Ogori Café
En el ‘Ogori café’ de Kashiwa, en Japón, ordenas tu pedido pero nunca te sirven lo que quieres, sino lo que quería el de delante. Lo tuyo va para el cliente siguiente. He llegado hasta él por Germán Sierra y la revista ‘Quimera’. Su descripción del procedimiento y la imposibilidad de organizar algo así en Europa, así como su utilización como metáfora de la narrativa me han parecido interesantes, pero erróneas. Y cito:
El motivo de traer a colación el café Ogori es que su propuesta, precisamente por tratarse de un negocio y no de una instalación artística, me parece inteligentemente subversiva.
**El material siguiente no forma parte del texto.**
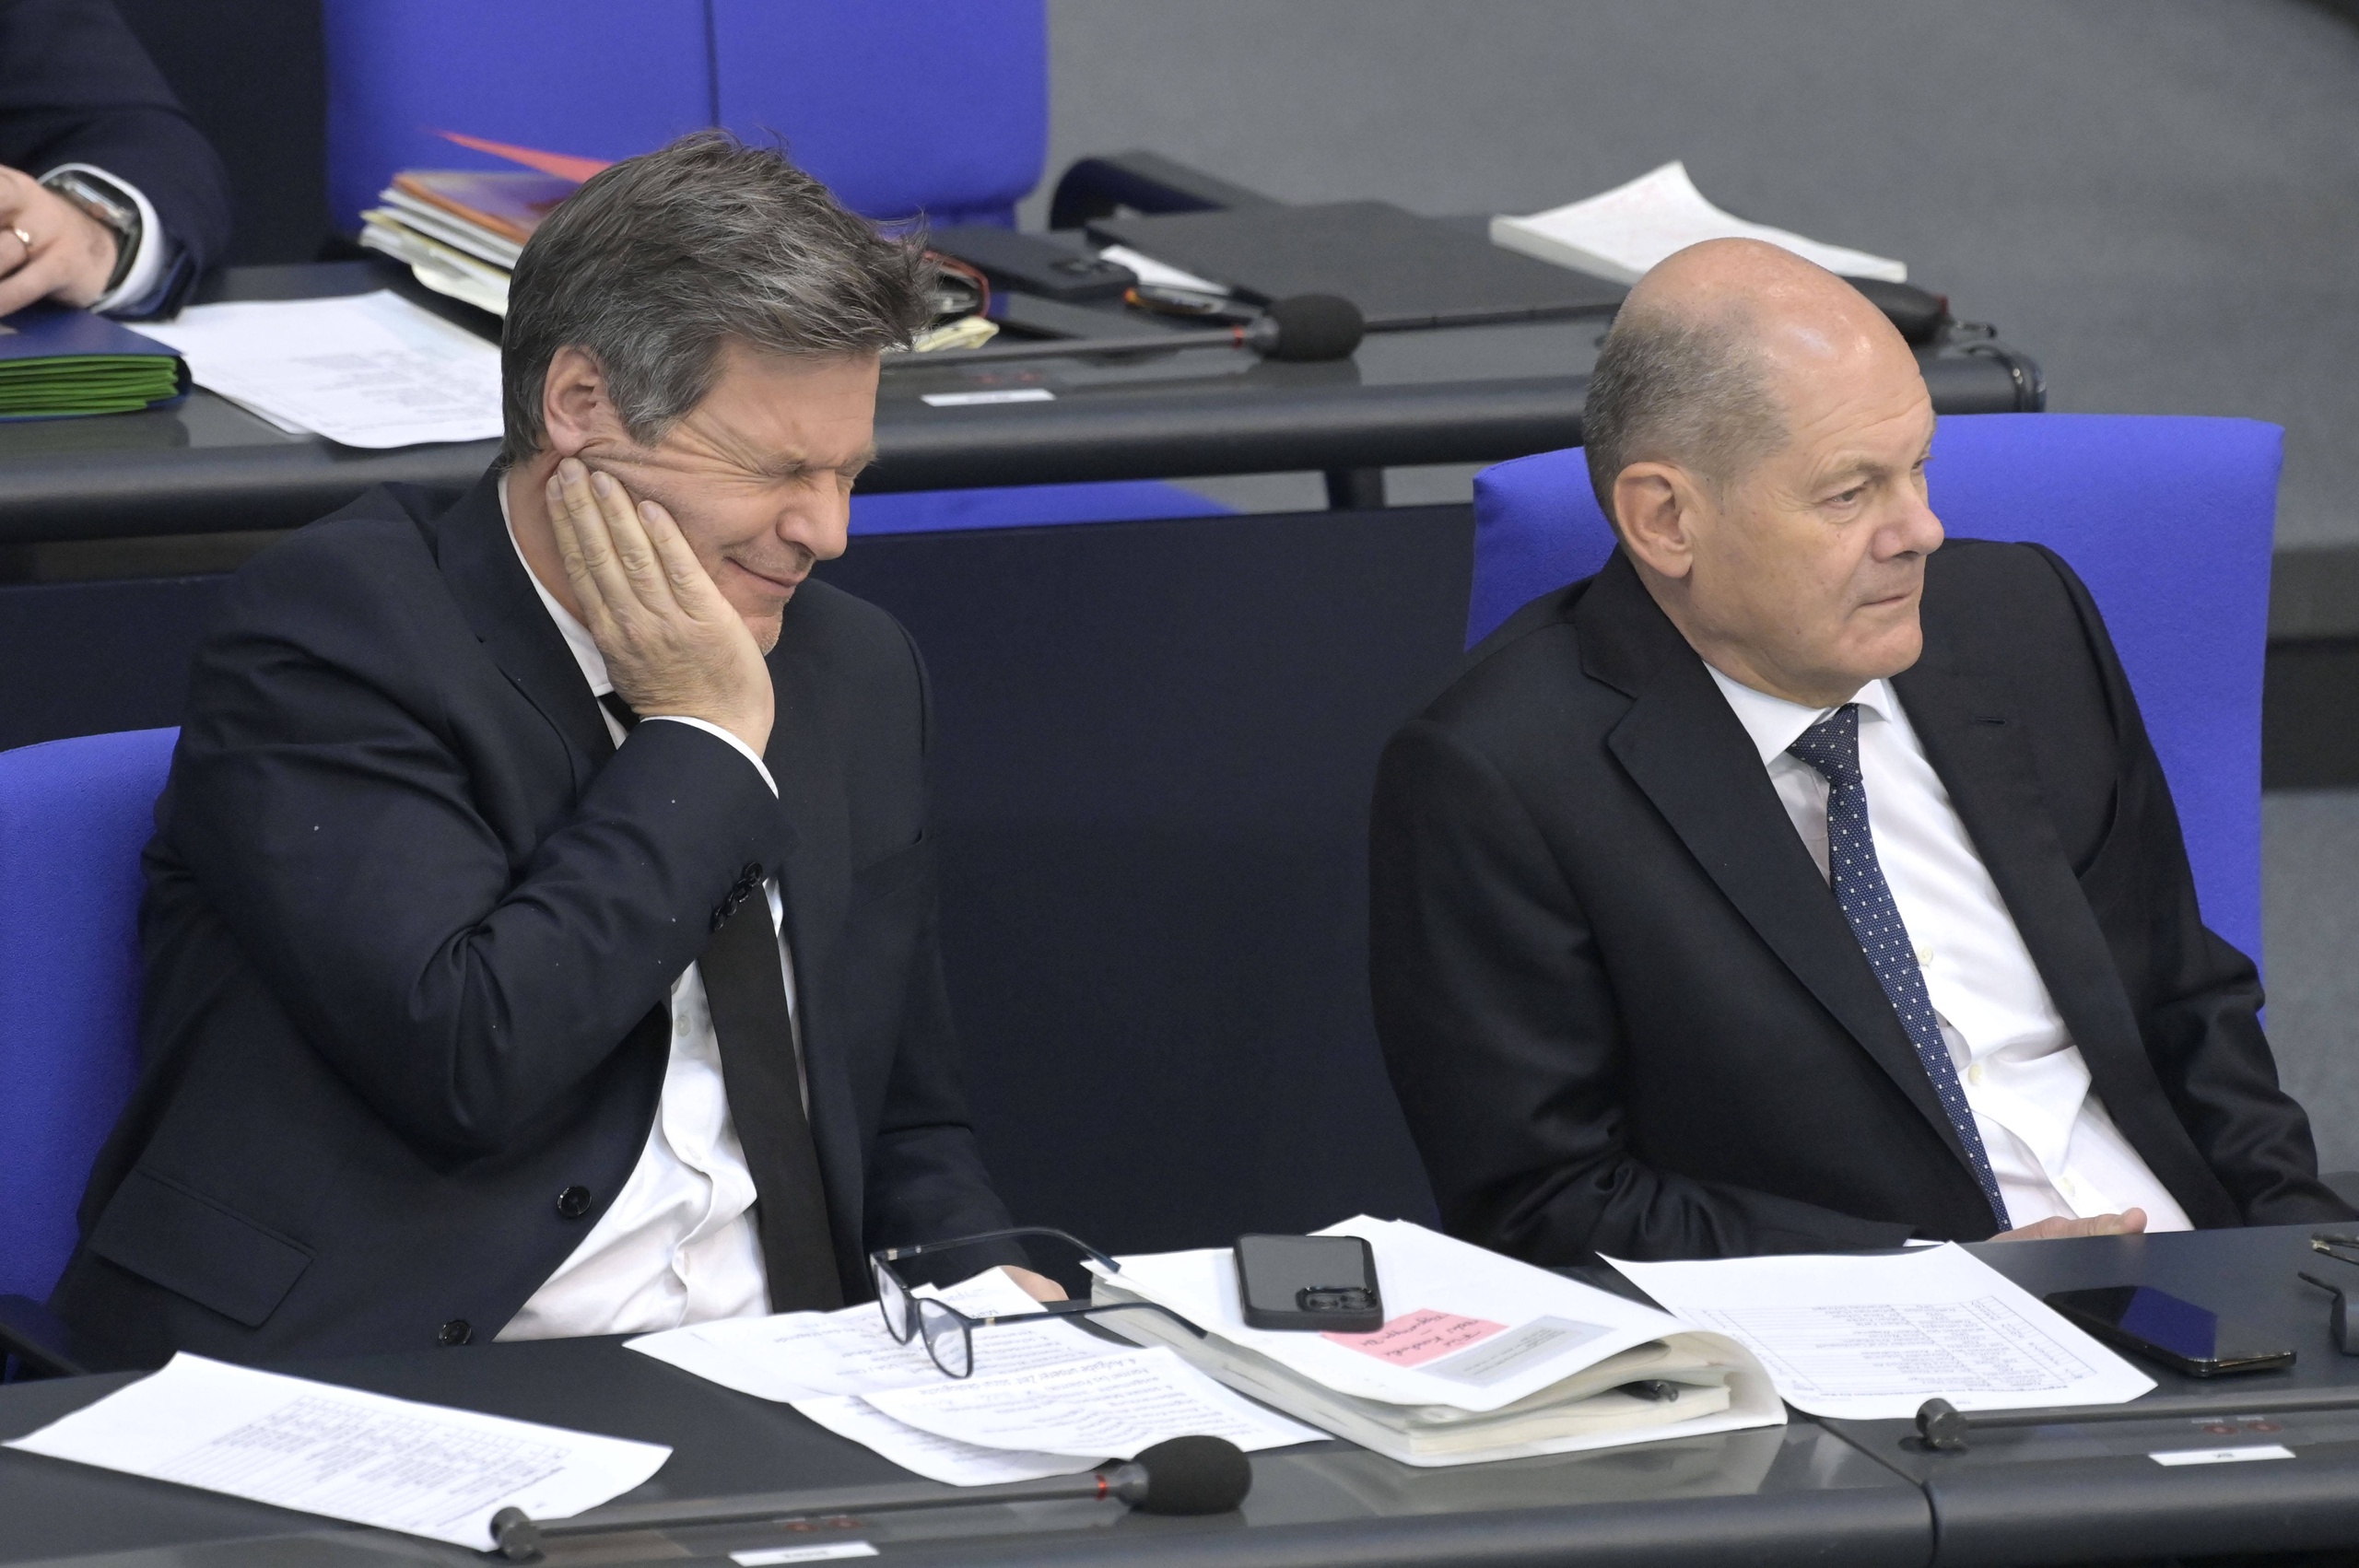 The Minister of Economic Affairs and Climate Protection Robert Habeck and Chancellor Olaf Scholz.  According to the German Bundesbank, the economic outlook for Germany is slightly better

Basta con googlear el nombre del café para llegar en dos clics a la web del creador. Como todos los textos están en japonés, mi descubrimiento ha sido puramente deductivo. Pero puedo decir casi sin miedo a equivocarme que se trata de una instalación artística.
Dicho lo cual, animo a quien tenga presupuesto a hacerlo. Comprobaríamos que todos gastaríamos lo mínimo posible esperando recibir un aperitivo mucho más valioso a lo invertido. Conseguido esto, volveríamos orgullosos a casa por haber engañado al propio engranaje del sistema de funcionamiento del invento.
(Nota: en mis minitextos siempre hay enlaces, pero hay que descubrirlos)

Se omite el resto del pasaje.